ZCN, BMO's Canadian stock index ETF, has a market cap of $CAN970 million and an average daily trading volume of $CAN811,000. Right now, the $CAN isn't doing badly compared to the $US. But I remember when $1CAN was worth $US0.62. 

XCS is iShares' Canadian small cap ETF. Based on the the $US500 million market cap requirement, 118 of the 220 stocks in XCS are not eligible for margin at IB. With a market decline and/or decline in the $CAN, many of the rest would become ineligible.


----------



## andrewf (Mar 1, 2010)

Does this mean that IB Canada no longer follows IIROC guidelines for reduced margin? Their site does not seem to be updated to reflect this:

https://www.interactivebrokers.ca/en/index.php?f=marginCA&p=stk


----------



## james4beach (Nov 15, 2012)

Hey that's a good point. I hold XFR which is on that list of eligible for reduced margin.

Yet IB now says the margin requirement is 100%. That means the loan value went from 70% to 0% in just a couple days... ouch.


----------



## Park (Sep 11, 2010)

Based on the margin eligibility rules of IB, I'd be reluctant to assume that any Canadian stock/ETF with a market cap of less than $CAN2.0 billion has loan value at IB. This assumes a worse case scenario, where the market declines 60% and the Canadian dollar trades at $US0.62. With appropriate risk management, I think I can prevent a margin call. But risk management when it comes to changes in margin eligiblity is more difficult, especially when you may only have one day notice to deal with it. The only way I can think of dealing with changes in margin eligibility is setting a market cap considerably higher than $US500 million.


----------



## andrewf (Mar 1, 2010)

Isn't there only one or two Canadian ETFs with AUM of >$2 billion?


----------



## Park (Sep 11, 2010)

I don't have information on that, but you are probably correct. When it comes to Canadian stock exposure, XIU would be one ($CAN 11.44 billion market cap).

Based on IB Canada giving me one day's notice, I'm not 100% confident that having a minimum market cap of $CAN 2 billion is sufficient risk management.


----------



## Fain (Oct 11, 2009)

Park said:


> IB Canada had 10 months notice, and in turn, gave its clients 1 day notice.


IB had 10 months notice and so did you. The SEC notified everyone publicly. Your account is a self-directed account. These are one of the dangers of overconcentration. I've been burnt too.


----------



## Park (Sep 11, 2010)

Fain said:


> IB had 10 months notice and so did you. The SEC notified everyone publicly. Your account is a self-directed account. These are one of the dangers of overconcentration. I've been burnt too.

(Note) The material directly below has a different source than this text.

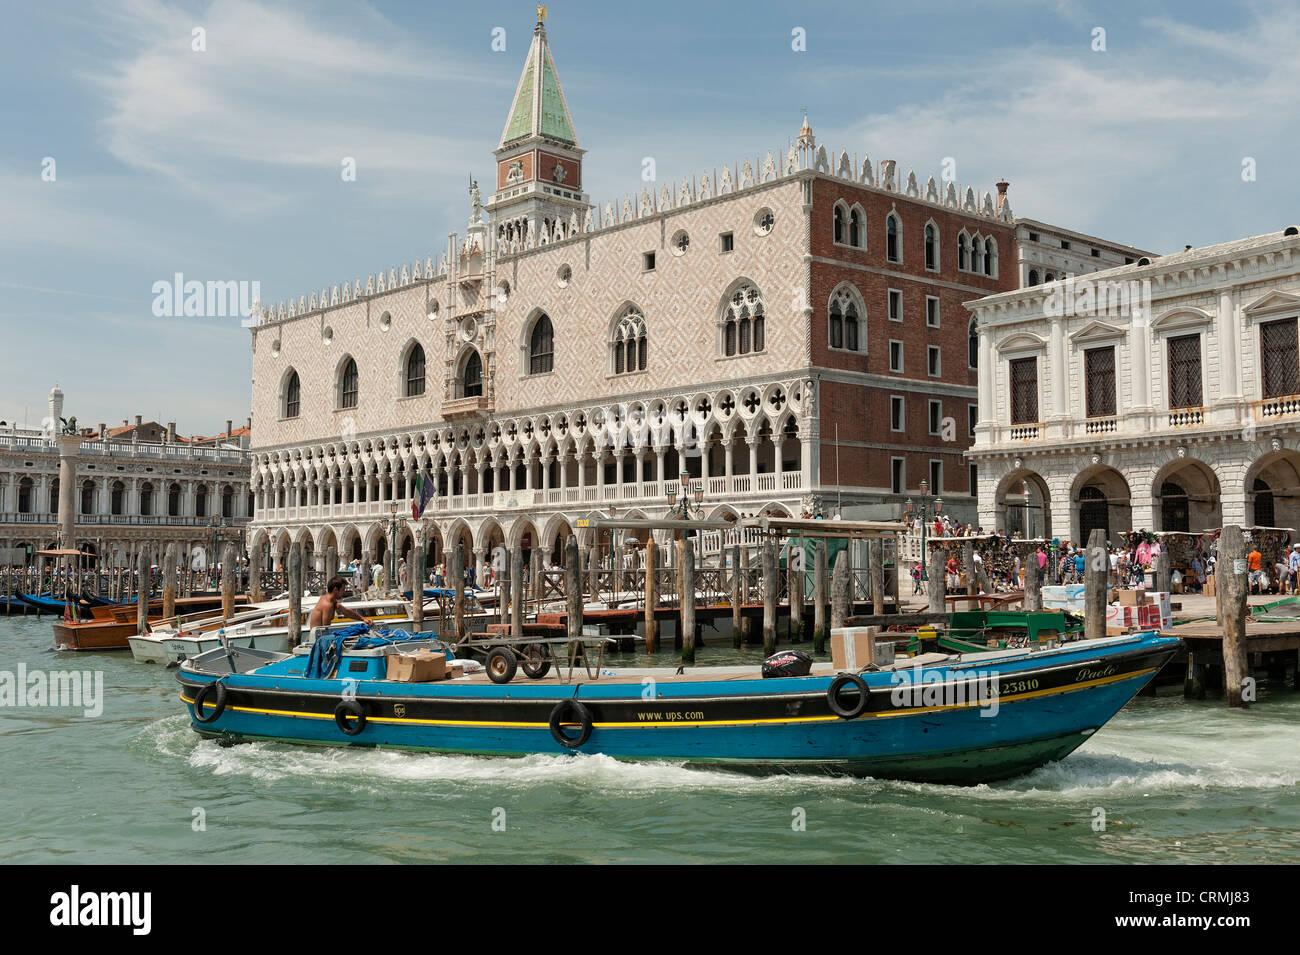 Un bateau de livraison d'UPS pour arriver à San Marco de Venise. Photo Stock

If IB had 10 months notice, I think that that IB should have given its clients more than 1 day's notice. If you disagree with that, we'll have to agree to disagree.


----------



## andrewf (Mar 1, 2010)

Is there a list of marginable securities now that they no longer follow the IIROC list?


----------



## james4beach (Nov 15, 2012)

This weekend I have been seriously contemplating closing down my IB account... the two big reasons would that organizational change (raising questions about access to liquidity) and now this sudden margin call / throwing away the IIROC list may have pushed me over the edge. The trading fees are wonderfully low but I'm not sure it's worth keeping.


----------



## avrex (Nov 14, 2010)

@james4beach. Are you saying that you consider the solvency risk increasing at IB Canada? 
ie. I'm assuming that you're analyzing the risk versus other financial institutions.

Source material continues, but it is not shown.